I am writing this in a state of shock and disbelief. Robin Williams, the man who helped set the standard for voice acting with Aladdin and got me through a lot as a kid, has passed away. According to an aggregation of news outlets, suicide by asphyxiation is being considered the cause of death. That makes it even worse. I couldn’t not write about this. Robin Williams was one of the first actors I remember loving and Jumanji is one of the first movies I can remember watching over and over again on my VCR. This is an important day and a gloomy one for everyone. So now I want to take some time and write about my personal love for Robin Williams and why I will never forget him.

Robin William’s career started with the 1977 picture Can I Do It ‘Till I Need Glasses, but the first movie I ever saw to star the wacky and exuberant actor was Joe Johnston’s Jumanji. To this day I remember coming home from school every now and again and pulling the VHS tape (anyone else remember those?) off the shelf and watching it. This happened over and again until I eventually wore the tape out. I loved the movie as a kid. Part of it was because it starred Kirsten Dunst (or as I knew her then, Mary Jane as a kid!) in one of her younger roles and that always seemed to entertain me. But I also loved the idea of a board game having actual effects in reality. It’s an awesome science fiction concept, and it’s been mimicked by movies like Zathura but never matched in quality. Now I acknowledge that the movie isn’t a perfect film, but I still think it’s pretty dang good and the nostalgia factor is alone is worth it to me. But part of the reason I like Jumanji so much is because it is the movie that introduced me to Robin Williams. The guy was awesome in it. Sometimes over the top, yes, but still awesome in retrospect. In the middle of all the questionable effects and loony scenery there was always Williams to fall back on.

The second movie I ever saw to star Robin Williams was Popeye, which is about as good an adaptation of Popeye you’re ever going to get. I don’t think it’s a good movie, but what is good is, you guess it, Robin Williams. He is about the best Popeye you could ever find. He fit the role perfectly and had a blast with it, and he really did satisfy everything I loved about the Popeye cartoon as a kid. And if playing Popeye wasn’t enough, he also played Peter Pan for Pete’s sake! Hook is awesome. It’s one of the most underrated movies of Steven Spielberg’s career and I honestly have no idea why so many people hate it. I loved Robin Williams’ performance as the adult Pan who revisits Neverland. It’s a classic flop that is actually good.

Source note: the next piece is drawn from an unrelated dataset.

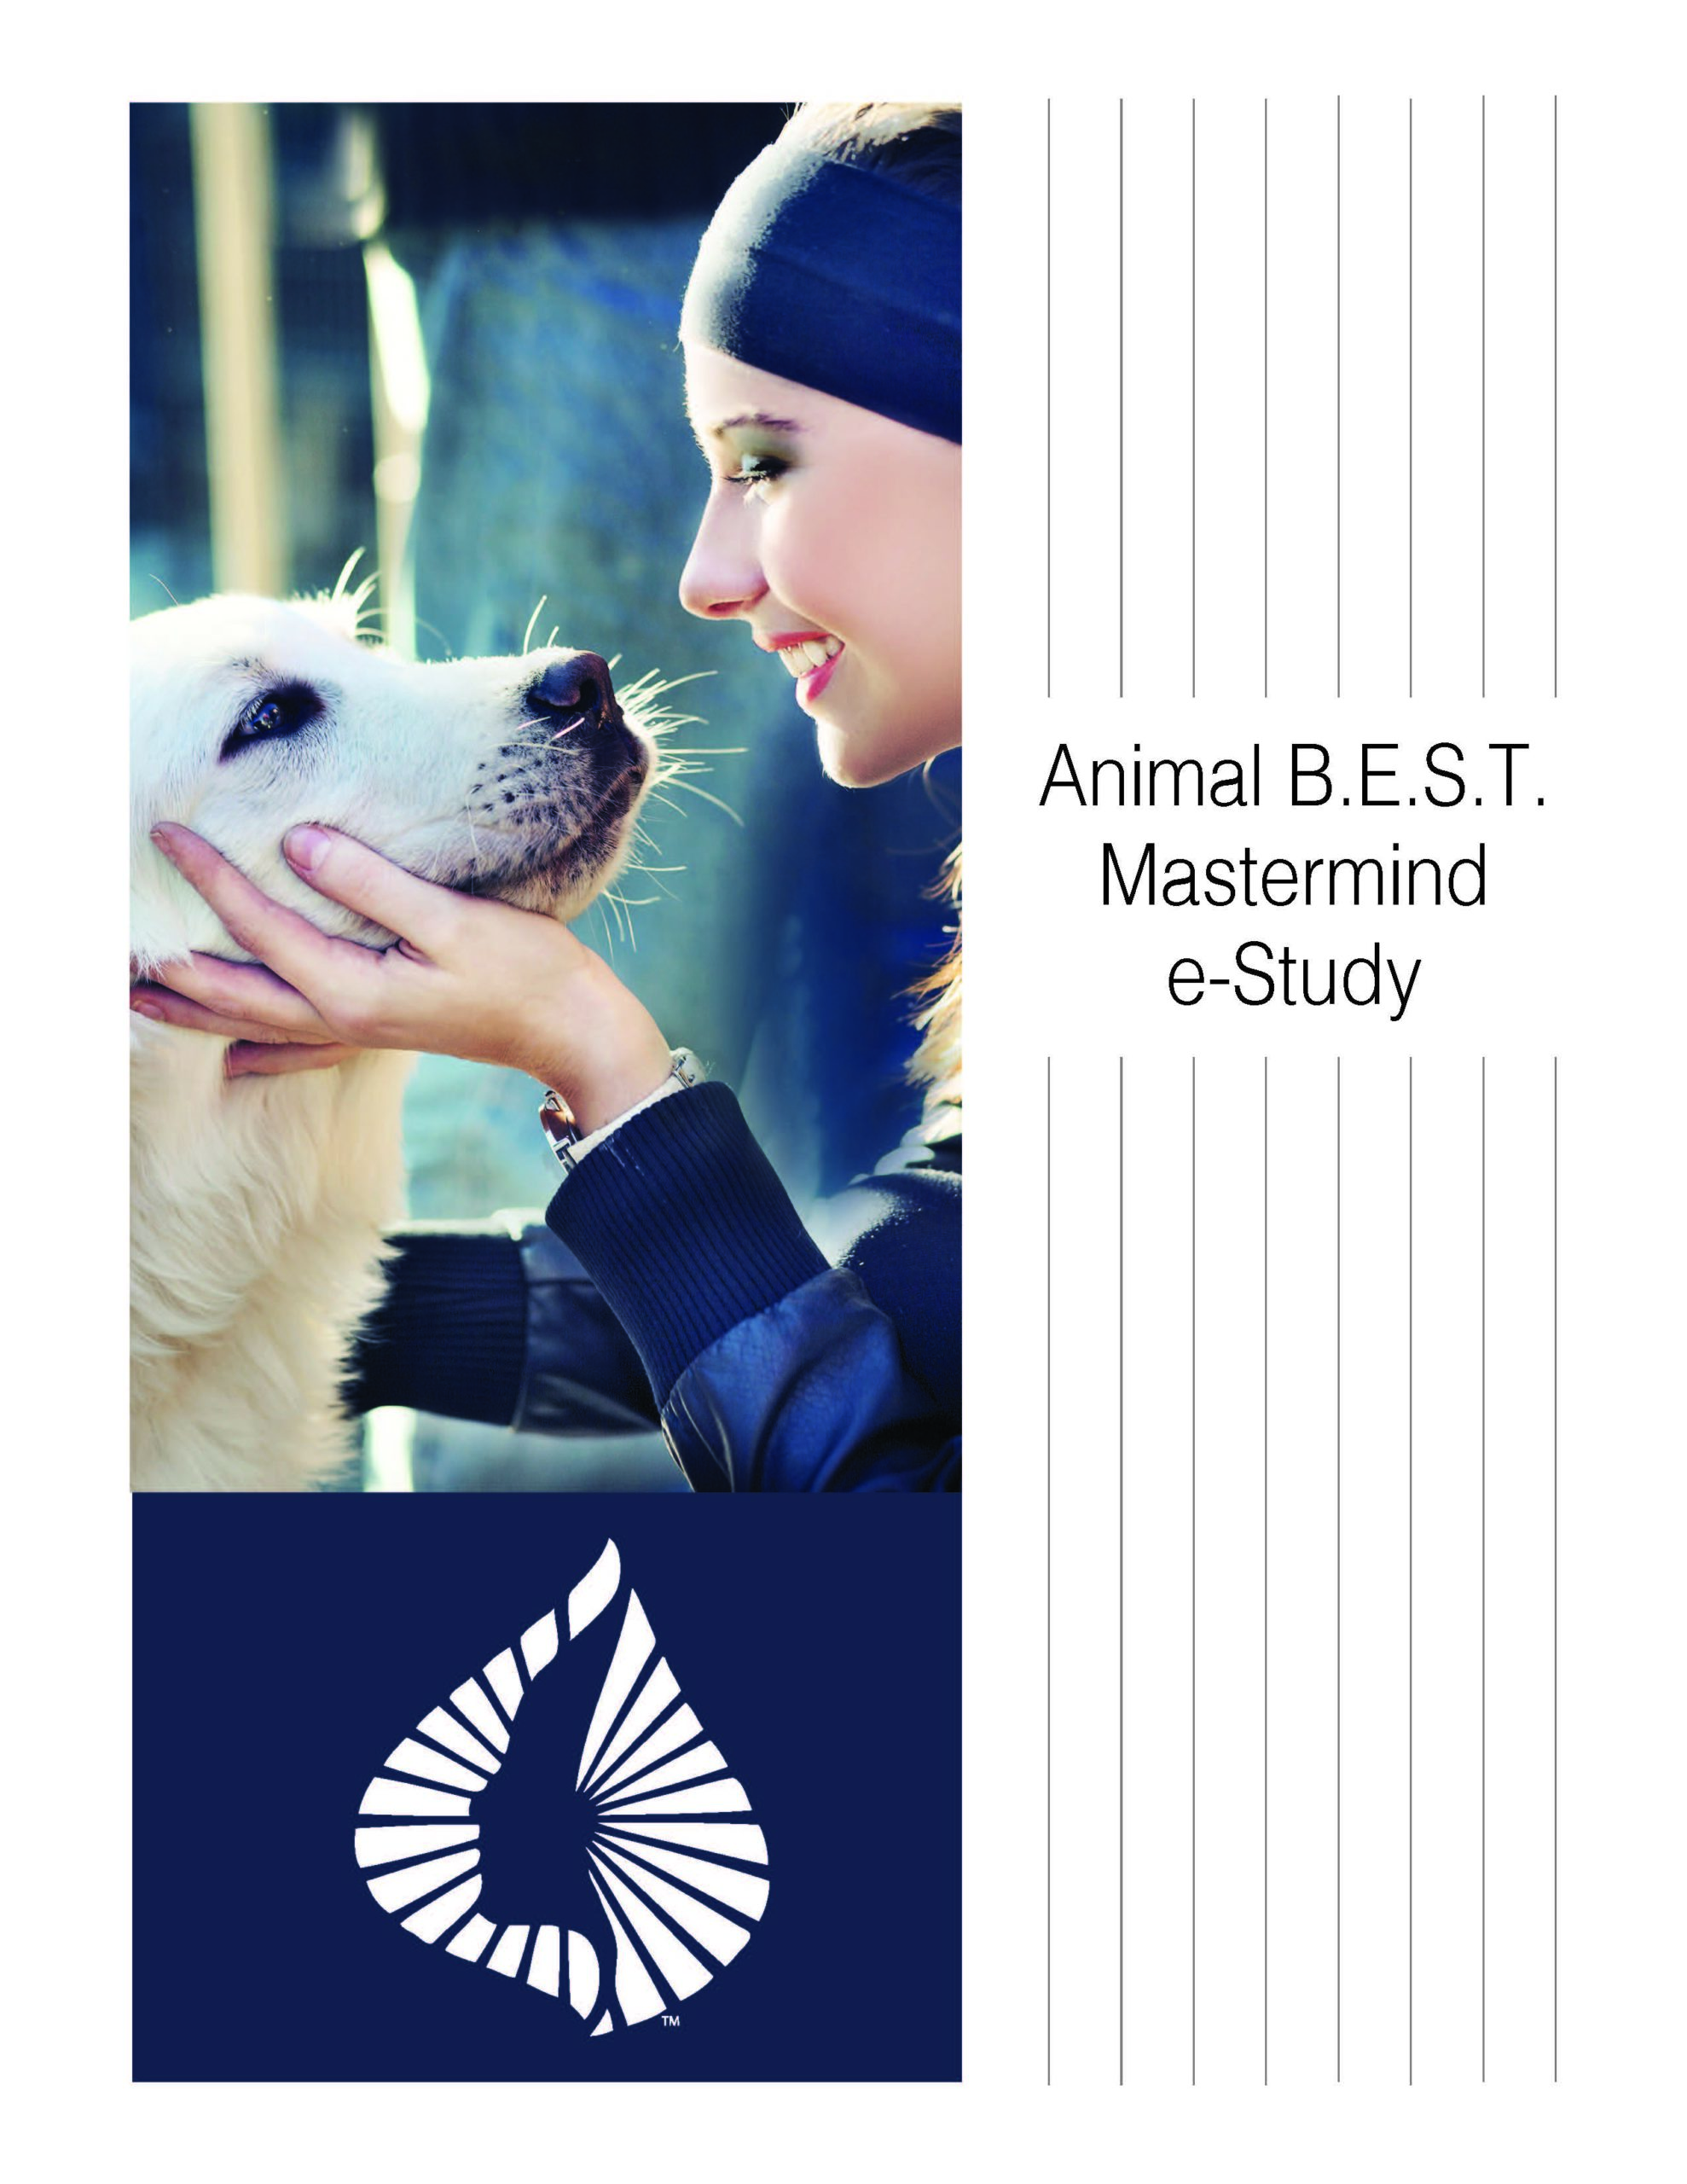 Animal B.E.S.T. Mastermind Homestudy Course

Then Williams really became a comedic icon with movies like Flubber and especially Aladdin, which is the role that really stressed the importance and significance of voice acting in animation. The thing about him though is that it isn’t all comedy. In fact, most of his most notable works are dramatic, or very nice blends of drama and comedy. Take Mrs. Doubtfire for instance. It’s one of his most popular movies because it was really funny but also because it was a movie with a character that had emotional depth. He wanted to be with his kids and he went to the most extreme reaches to do so. He picked up a few Oscar nominations for his roles in Good Morning, Vietnam and The Fisher King as well as Dead Poet’s Society and Good Will Hunting for which he won the award. I haven’t seen the first three movies, but I think Good Will Hunting may be one of the most emotionally pulling movies I’ve ever seen. When Williams’ character hugged Matt Damon’s in the classroom, tears flowed. It’s a moving film.

Then there were a few roles in which he didn’t play games. Take Christopher Nolan’s Insomnia for example. A seriously gripping crime drama with Al Pacino and Hilary Swank. That movie featured Robin Williams in a magnificent villainous performance. And then there’s One Hour Photo, a film that is effective in nearly everything it sets out to do. It follows Robin Williams’ character who works as a photo processor at a department store who stalks a family who brings him their photos regularly. It’s a truly scary movie and it shows Robin Williams’ range. He is absolutely terrific in the movie and it’s one of his best performances.

What makes this so sad, though, is that it looks like suicide is the cause of death. Remember in Watchmen when Rorschach tells the story of the depressed clown Pagliacci? This is like the real life version. I find it so tragic that the man who brought joy into the lives of so many decided to take his own due to a lack of joy. Depression is a serious issue. The signs are not always obvious and a lot of people try to conceal it. I know this because I have experienced it. If you see someone who doesn’t look happy or someone that you know is depressed, make a move and try to help. Not everyone can help everyone, but everyone can help someone.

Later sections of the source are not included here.